DBD::Oracle module for Perl

This is a shameless post as my friend, Pawel Krol, pointed this out to me so I must give all credit to him. As I am a big fan of the Perl-DBI I thought this was too good to share.

Oracle 11.2.0.1 on Linux and possibly earlier versions is shipped with Perl environment complete with Perl-DBI and the “database dependent” Oracle::DBD module. I would expect it is included in other Oracle releases too, e.g. for AIX. I think Perl is a really useful skill for any DBA working on a Unix-like platform, maybe even Windows as well, and it’s even better when you can embed SQL statements in your code instead of calling SQL*Plus and trying to parse the output. Perl also gives you the ability to use bind variables properly and re-use statement handles, something you would need to write PL/SQL for, if using SQL*Plus.

There are two parts to the Perl database interface:

  1. The database-independent part, the Perl-DBI, which is commonly included in many Linux distributions.
  2. The database-dependent part, in Oracle’s case DBD::Oracle. This is rarely installed by default in a Linux distribution; you will usually just find the MySQL-specific module and one for handling CSV files.

Of course you could download and compile DBD::Oracle yourself but this makes life much easier in environments you don’t have control over as you can use it by just setting a few environment variables.

So how do you use it? There are cleverer ways, I know Pawel has one, but I just have a quick bash script I source into my environment:

#!/bin/bash

if [ -n $ORACLE_HOME ]; then
echo "Setting up Perl environment.
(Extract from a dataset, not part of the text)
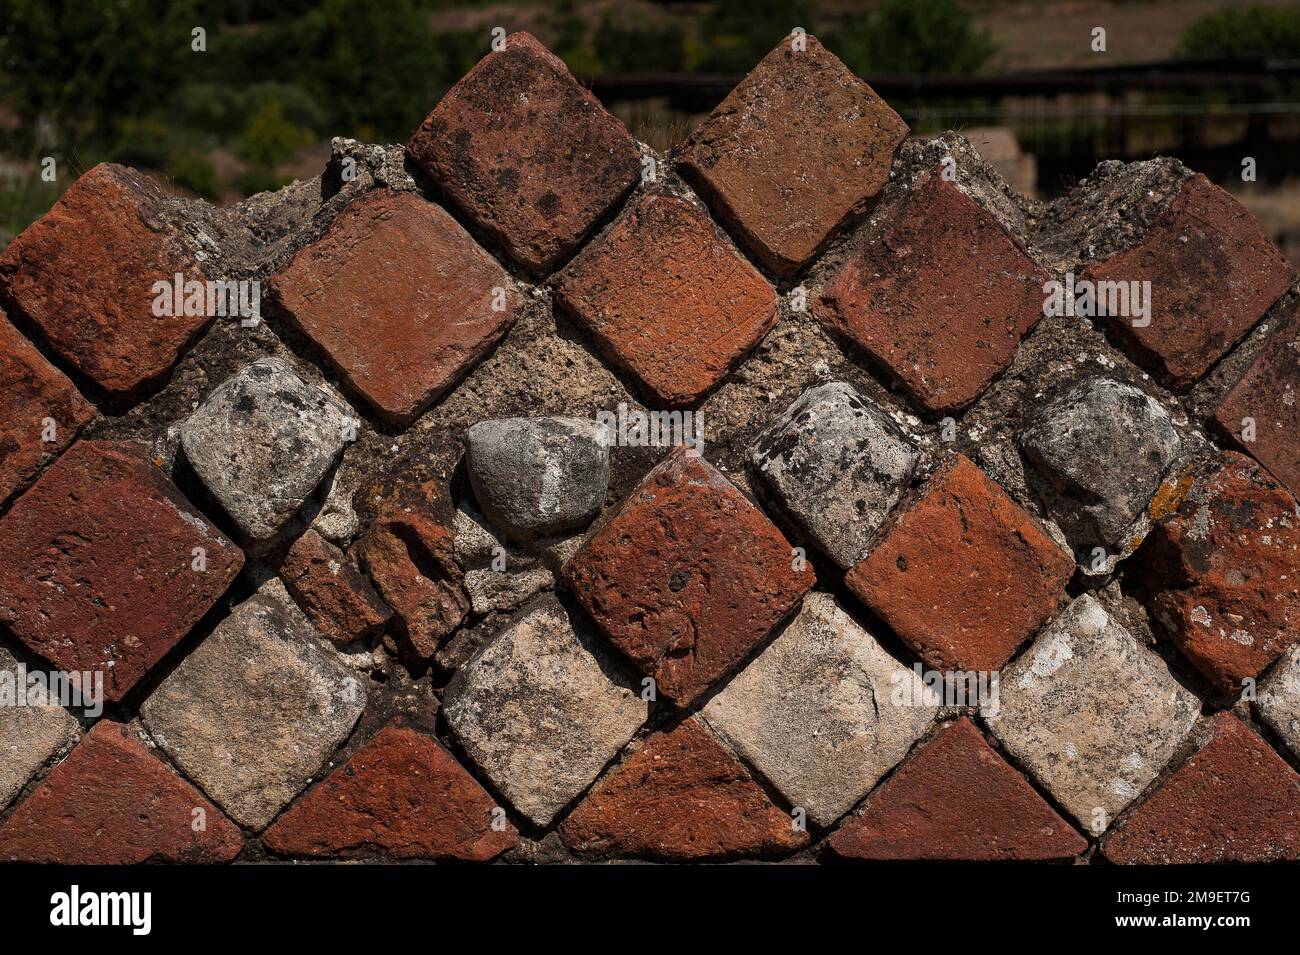 Close detail view of Opus reticulatum, decorative ancient Roman walling using blocks of stone, brick or tuff laid in diagonal grid patterns.  Top of ruined wall in southern district of Velia, a Greco-Roman seaport on southern Italy’s Tyrrhenian Sea coast at Marina di Ascea, Campania. Stock Photo

ORACLE_HOME set to $ORACLE_HOME"
export ORACLEPERL=$ORACLE_HOME/perl
export PERL5LIB=$PERL5LIB:$ORACLEPERL/lib/5.10.0:$ORACLEPERL/lib/site_perl/5.10.0
export LD_LIBRARY_PATH=$LD_LIBRARY_PATH:$ORACLE_HOME/lib32:$ORACLE_HOME/lib
export LIBPATH=$ORACLE_HOME/lib32
export PATH=$ORACLEPERL/bin:$PATH
fi

And then I can run my test script which just selects the current date from the dual table:

#!/u01/app/oracle/product/11.2.0/db_1/perl/bin/perl

use strict;
use warnings;
use DBI;

&main;

sub main () {

my %params = (
'database' => 'ORCL',
);

my $dbh = &dbconnect(\%params);

my ($sysdate) = $$dbh->selectrow_array("SELECT sysdate FROM dual");
print "Current date is $sysdate\n\n";

&dbdisconnect($dbh);

}

sub dbconnect () {

my $params = shift;
my $dbh = DBI->connect("dbi:Oracle:$$params{'database'}", 'username', 'password') or die ("$DBI::errstr\n\n");
return (\$dbh);
}

sub dbdisconnect () {

my $dbh = shift;
$$dbh->disconnect();
}

The world of Perl is now hopefully your oyster and there is plenty of documentation here.